January has always felt like the Monday of the year to me: fresh starts, crisp mornings, and a deep craving for food that feels like a reset button. After the sugar- and butter-fuelled joy of December, my body starts whispering (okay, shouting) for something green, something fiber-rich, something that doesn’t require a second mortgage on the electric bill to bake for three hours. Enter this one-pot lentil and cabbage soup: the culinary equivalent of a cozy weighted blanket and a multivitamin in one. I first threw it together on a snowy Sunday when I had half a head of cabbage threatening to liquify in the crisper, a forgotten bag of green lentils, and exactly one hour before my favorite podcast dropped. One pot, one wooden spoon, and one episode later, I ladled out a soup so soothing I texted three friends before I even tasted it—the vibrant coral-orange swirl against the deep green cabbage just looked like edible optimism. Since then, it’s become my January tradition: I make a double batch every New-Year’s-weekend, portion it into quart jars, and feel irrationally proud every time I grab one from the freezer on my way to work.
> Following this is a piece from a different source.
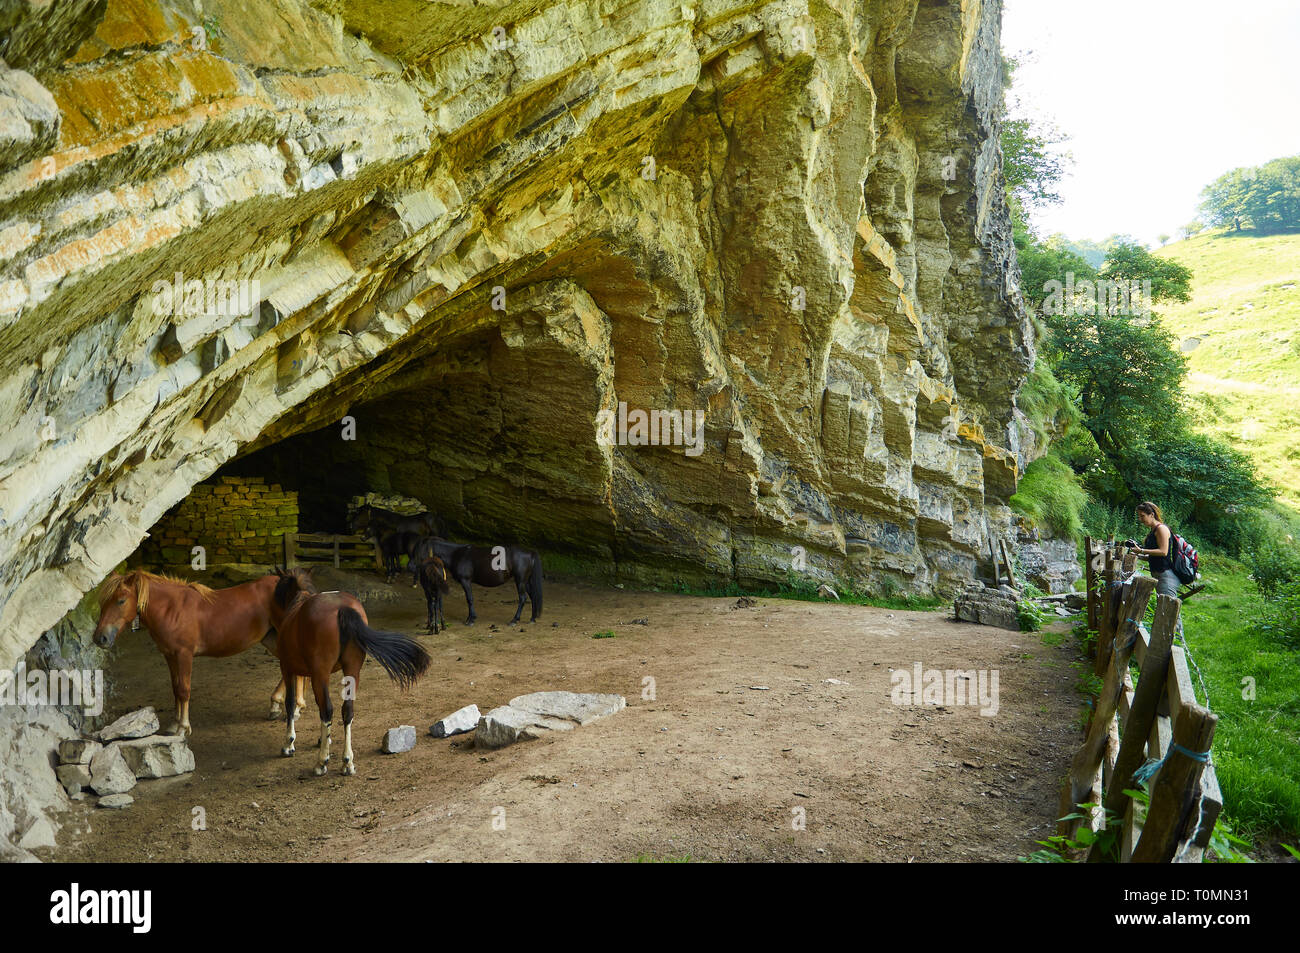 Junge Wandererin beim Betrachten von Pferden in der Höhle Arpea, einer spektakulären Falte mit Antitlinien, die als Pferdehuhltort in den französischen Pyrenäen (Estérençuby, Frankreich) genutzt wird Stockfoto

If you’re looking for a meal-prep hero that asks almost nothing of you yet gives back vibrant flavor, plant-powered protein, and the smug satisfaction of using up every last produce drawer orphan, keep reading.

Why This Recipe Works

  • One-Pot Wonder: Minimal dishes, maximum flavor—everything simmers together so the lentils season the broth and the broth seasons the lentils.
  • Meal-Prep MVP: Tastes even better on day three once the paprika and thyme have had a good long chat in the fridge.
  • Budget-Friendly Brilliance: Lentils and cabbage cost pennies per serving, leaving room in the grocery budget for that fancy olive oil drizzle at the end.
  • Plant-Powered Protein: 18 g of protein per serving without a single chicken breast in sight.
  • Freezer Hero: Thaws like a dream; add a splash of water and it’s back to its silky self.
  • Customizable Canvas: Swap spices, add sausage, or keep it vegan—details below.
  • Winter Wellness Boost: Cabbage is loaded with vitamin C and glutamine, both immune-supportive when everyone around you is sniffling.

Ingredients You'll Need

Ingredients

Green or French Lentils (1½ cups dry): These little gems hold their shape after 25 minutes of simmering, unlike red lentils which dissolve into dal. French lentils (a.k.a. Puy) are firmer and slightly peppery; standard green lentils are milder and cheaper. Both work. Rinse and pick out any pebbles—nobody wants a dental adventure.

Green Cabbage (½ medium head, about 1 lb): Look for heads that feel heavy for their size with tightly packed, crisp leaves. The outer darker leaves contain more antioxidants, so leave them on unless they’re wilted or buggy. Slice thinly so it wilts quickly and sweetens in the pot.

Carrots (3 medium): For natural sweetness and that gorgeous color contrast. Peel only if the skins are thick; a good scrub usually suffices. Dice small so they cook in the same 25-minute window as the lentils.

Celery (2 stalks plus leaves): The leaves taste like concentrated celery and should absolutely go in the pot. If your celery has gone floppy, revive it in ice water for 10 minutes.

Yellow Onion (1 large): Sweet and mellow when sweated slowly. Dice finely so it melts into the background. In a pinch, a red onion works, but the final broth will be darker.

Garlic (4 cloves): Because garlic. Smash, peel, and mince. Jarred garlic is fine in January survival mode; fresh is brighter.

Olive Oil (2 Tbsp + extra for drizzling): Use a decent extra-virgin for sautéing; save the fancy grassy finishing oil for the final swirl.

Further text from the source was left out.